**WORK REQUIRED:** Copy task. Retype the whole listing exactly, omitting any picture in it.

**DATA EXCERPT:**

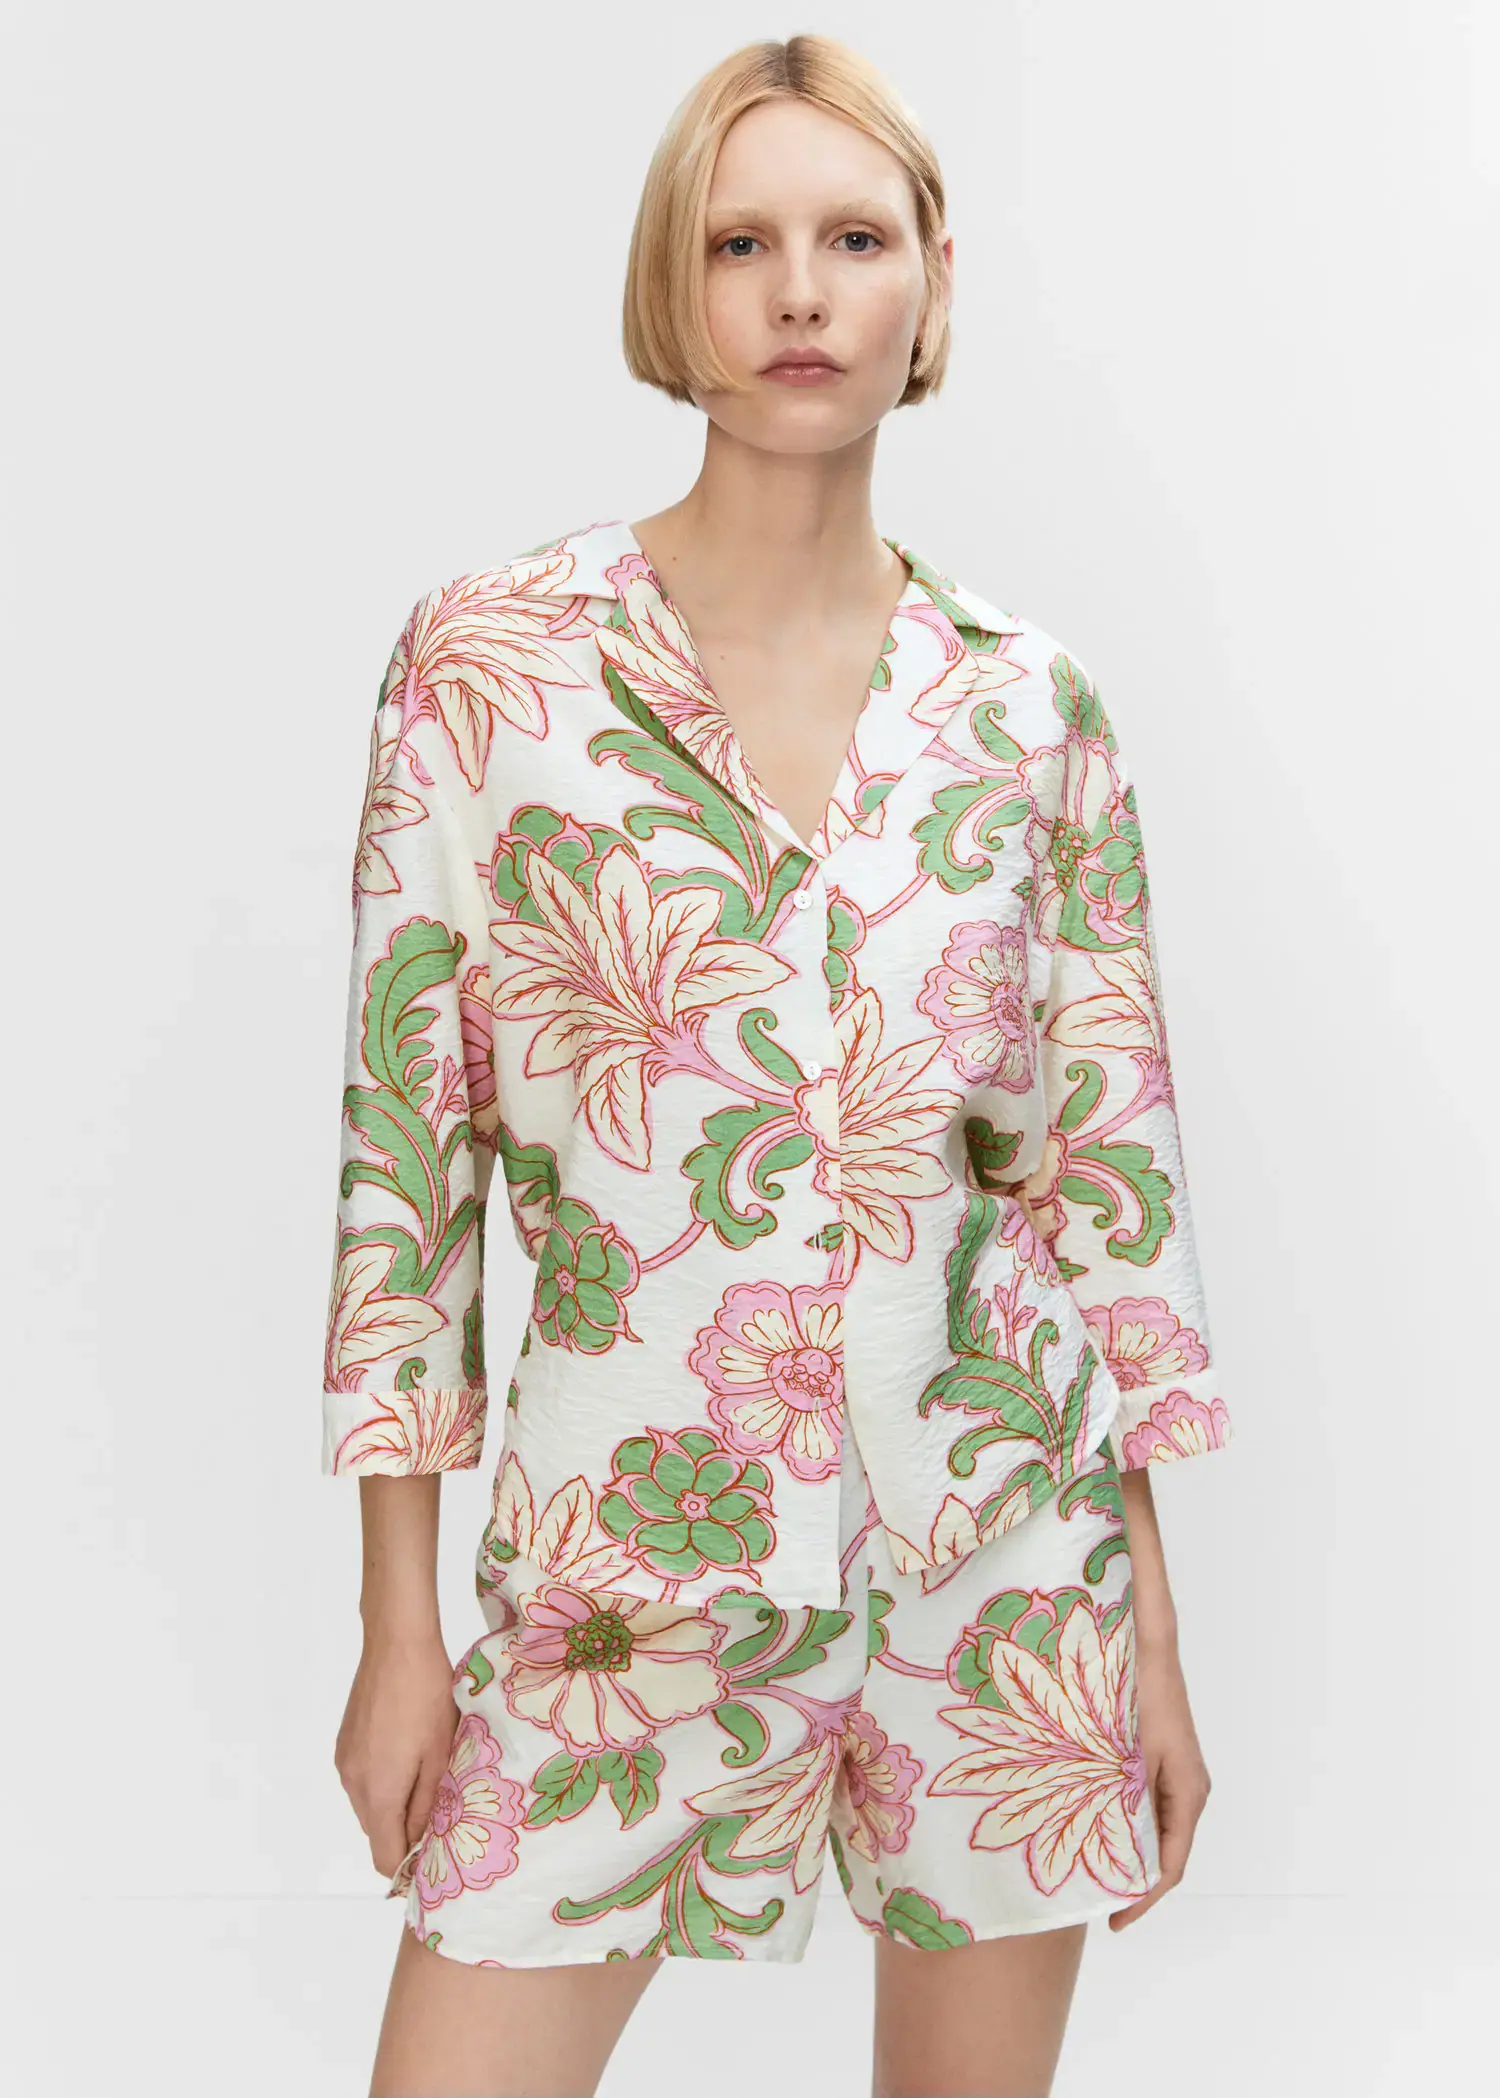 Mango Textured printed shirt. a woman in a floral print shirt and shorts. 
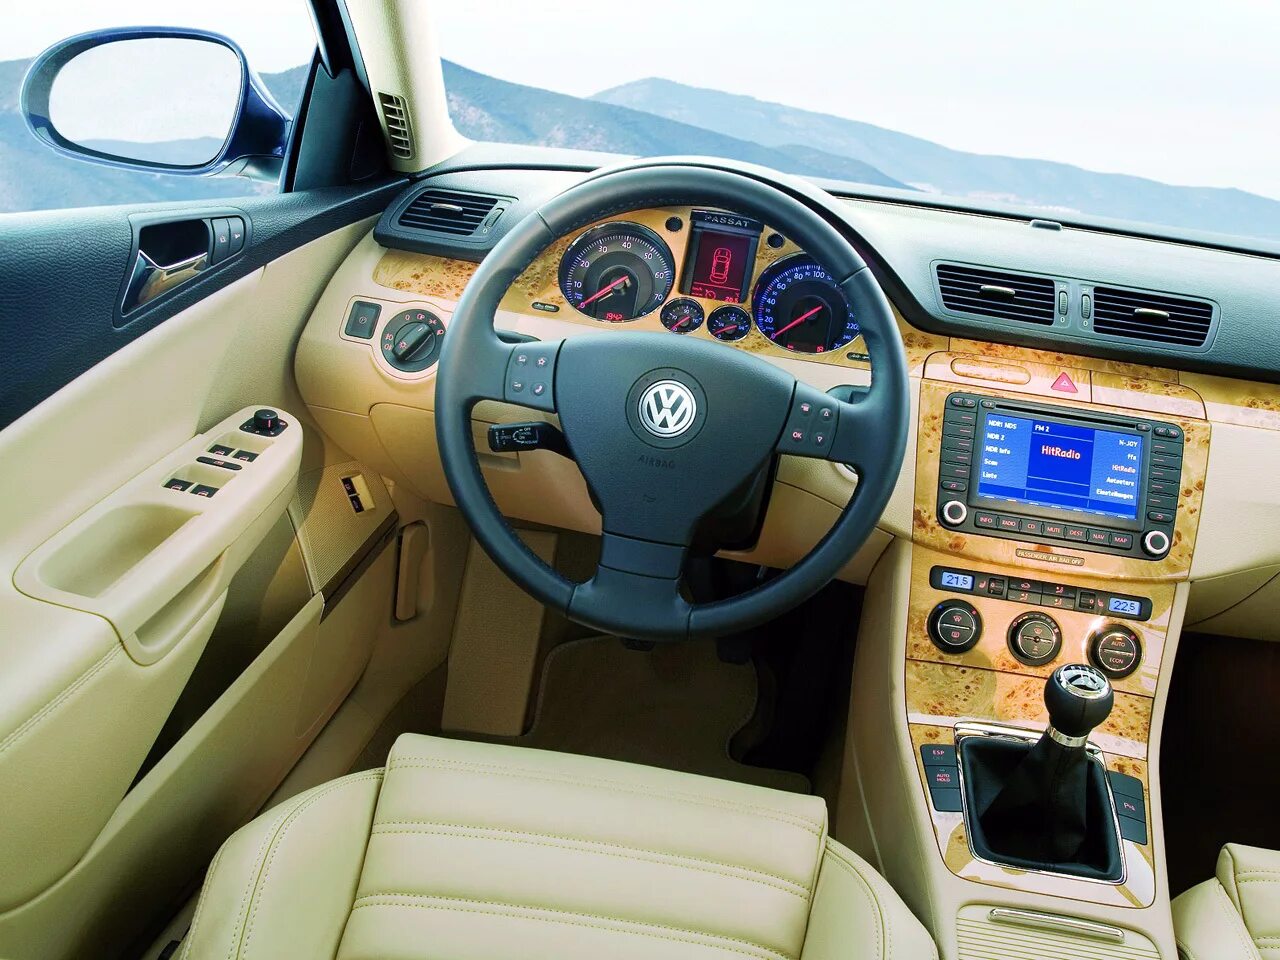 Пассат б6 2008 год. Фольксваген Пассат b6 салон. Volkswagen Passat 2006 салон. Volkswagen Passat b6 салон. Volkswagen Passat 2005 Interior.
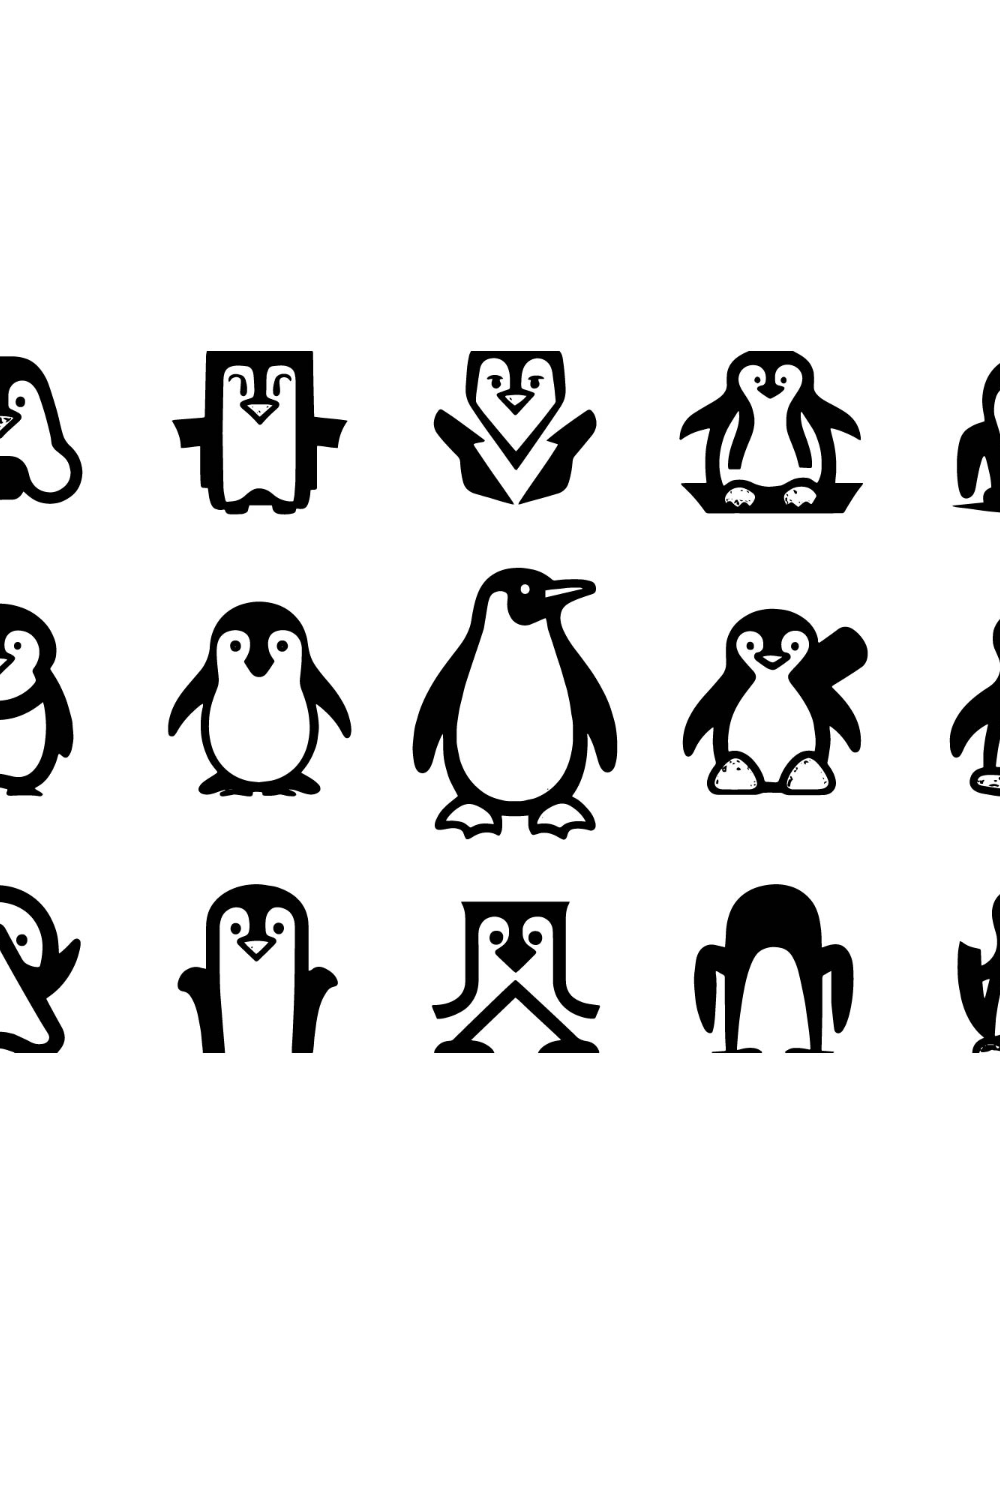 Bundle of Penguin Icons pinterest preview image.

**WRITTEN ANSWER:**
 Mango Textured printed shirt. a woman in a floral print shirt and shorts. 
 Пассат б6 2008 год. Фольксваген Пассат b6 салон. Volkswagen Passat 2006 салон. Volkswagen Passat b6 салон. Volkswagen Passat 2005 Interior.
 Bundle of Penguin Icons pinterest preview image.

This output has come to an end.